US congressman Dennis Kucinich and a representative from Amnesty International were likewise refused permission to visit Manning.
Also in April, more than 250 of America’s most eminent legal scholars signed a letter protesting against the mistreatment of Manning during the nine months he was detained in Quantico military brig, arguing that his “degrading and inhumane conditions” were illegal, unconstitutional and could even amount to torture: http://tiny.cc/bs95c
The open letter by these scholars states:
“For nine months, Manning has been confined to his cell for twenty-three hours a day. During his one remaining hour, he can walk in circles in another room, with no other prisoners present. He is not allowed to doze off or relax during the day, but must answer the question “Are you OK?” verbally and in the affirmative every five minutes. At night, he is awakened to be asked again “Are you OK?” every time he turns his back to the cell door or covers his head with a blanket so that the guards cannot see his face. During the past week he was forced to sleep naked and stand naked for inspection in front of his cell, and for the indefinite future must remove his clothes and wear a “smock” under claims of risk to himself that he disputes.”

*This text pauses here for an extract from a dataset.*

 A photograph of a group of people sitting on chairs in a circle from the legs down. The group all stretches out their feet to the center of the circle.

The letter goes on to question the US government’s motives for detaining Manning:
“The administration has provided no evidence that Manning’s treatment reflects a concern for his own safety or that of other inmates. Unless and until it does so, there is only one reasonable inference: this pattern of degrading treatment aims either to deter future whistleblowers, or to force Manning to implicate Wikileaks founder Julian Assange in a conspiracy, or both.”

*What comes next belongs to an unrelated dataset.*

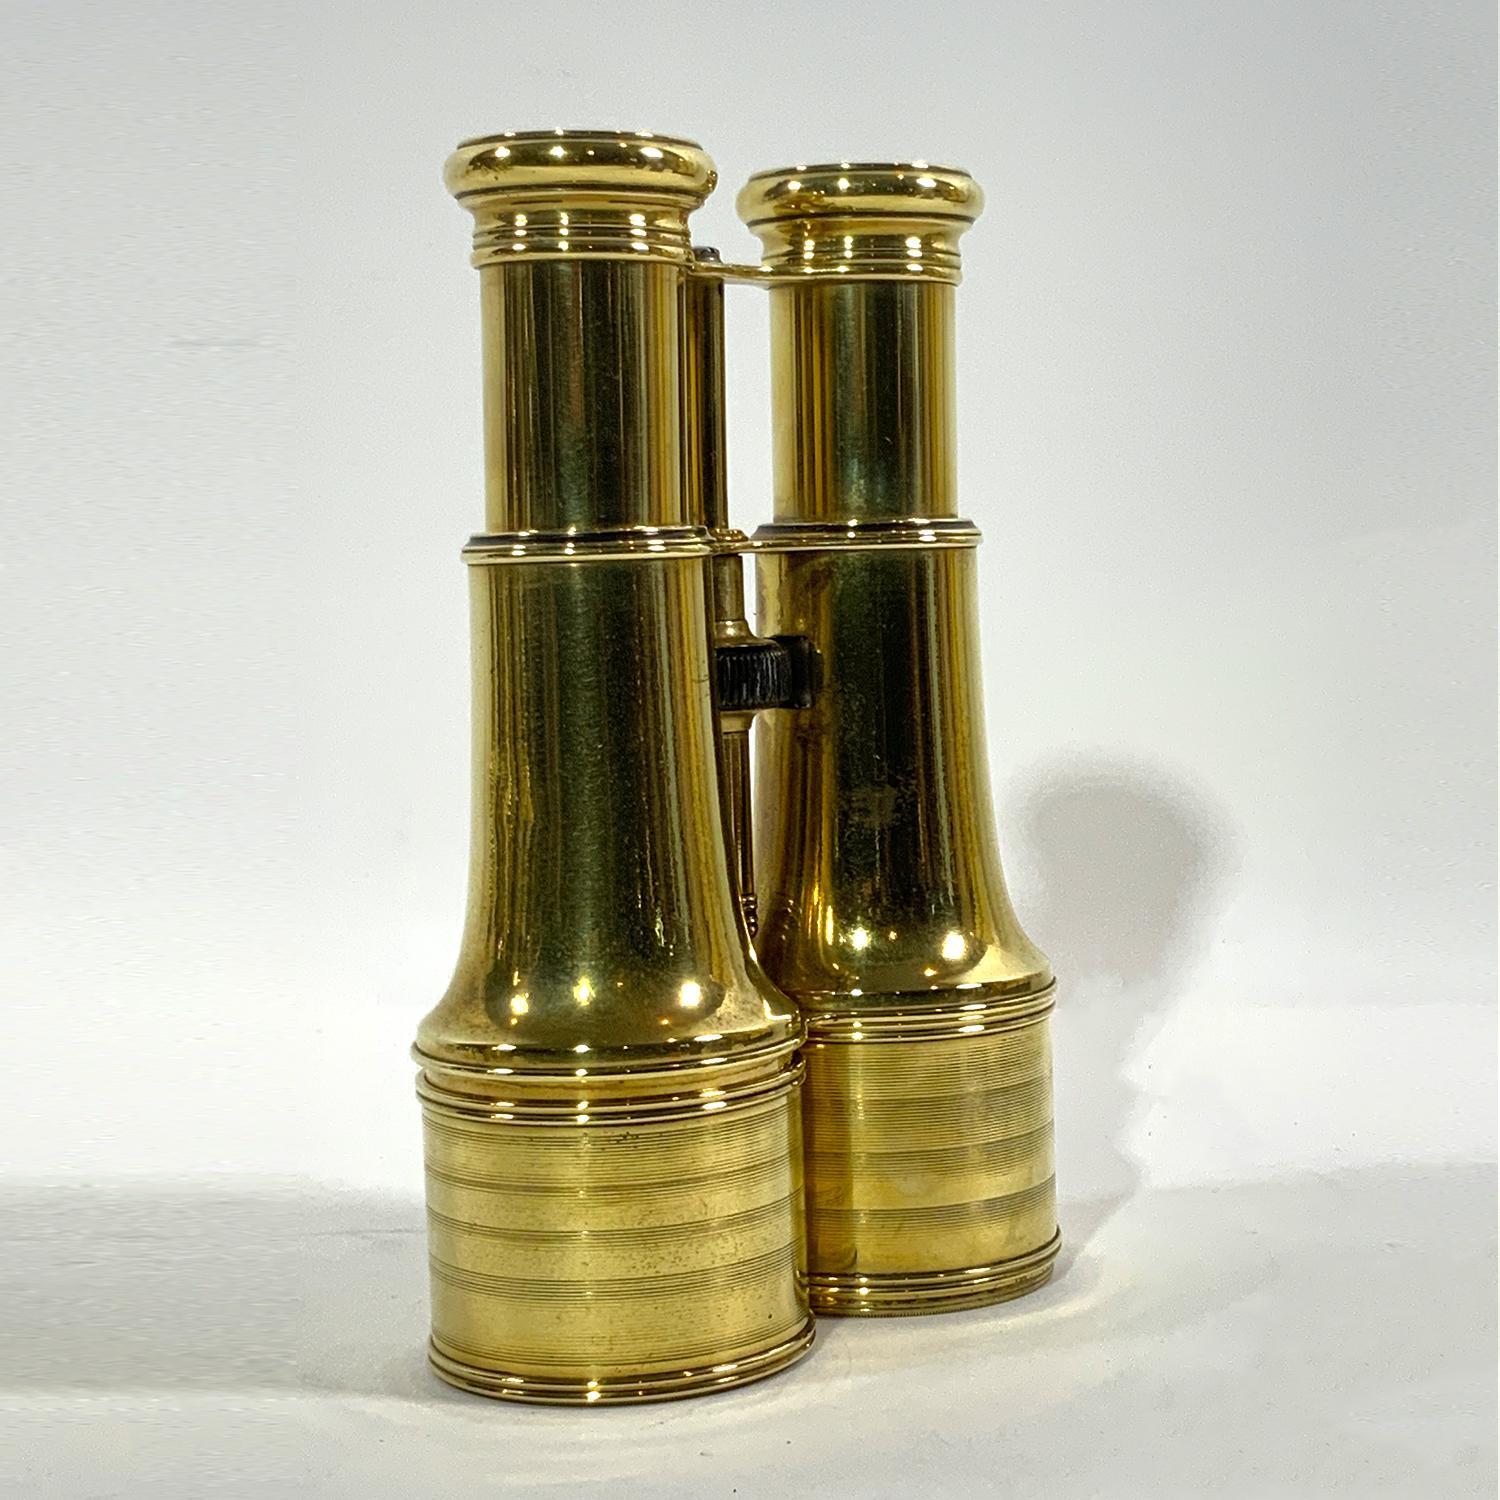 World War I U.S. Navy Officer's binoculars. Binoculars are by Lemaire of Paris as embossed on eyepieces. Knurled focus knob, sun shades on twin barrels. Highly polished and lacquered, Circa 1890. Binoculars are engraved U.S. Navy Number 16638.

The list of scholars who signed the letter included Barack Obama’s own constitutional law professor, Laurence Tribe, a Harvard professor who is considered to be America’s foremost liberal authority on constitutional law. He taught constitutional law to Barack Obama and was a key backer of his 2008 presidential campaign.
You can read this Guardian report about the mistreatment Manning suffered at Quantico: http://tiny.cc/junb2
In summary, the Guardian report states that was being kept in solitary confinement 23 hours a day, in a windowless room 12’ x 6’, and shackled hand and foot when he was transferred to a room where was allowed only to walk around in a circle. He was fed a daily diet of antidepressant pills which disoriented him, forced to stand naked, forbidden to exercise in his cell, and woken if he attempted to sleep in the daytime. Manning was continually subject to what is called “maximum custody”, and also to a so-called “prevention of injury” order, which among other things, deprived him of his clothes at night and also of normal sheets and bedding in favour of a blanket he describes as being like the lead apron used when operating x-ray machines. He was allowed no personal possessions.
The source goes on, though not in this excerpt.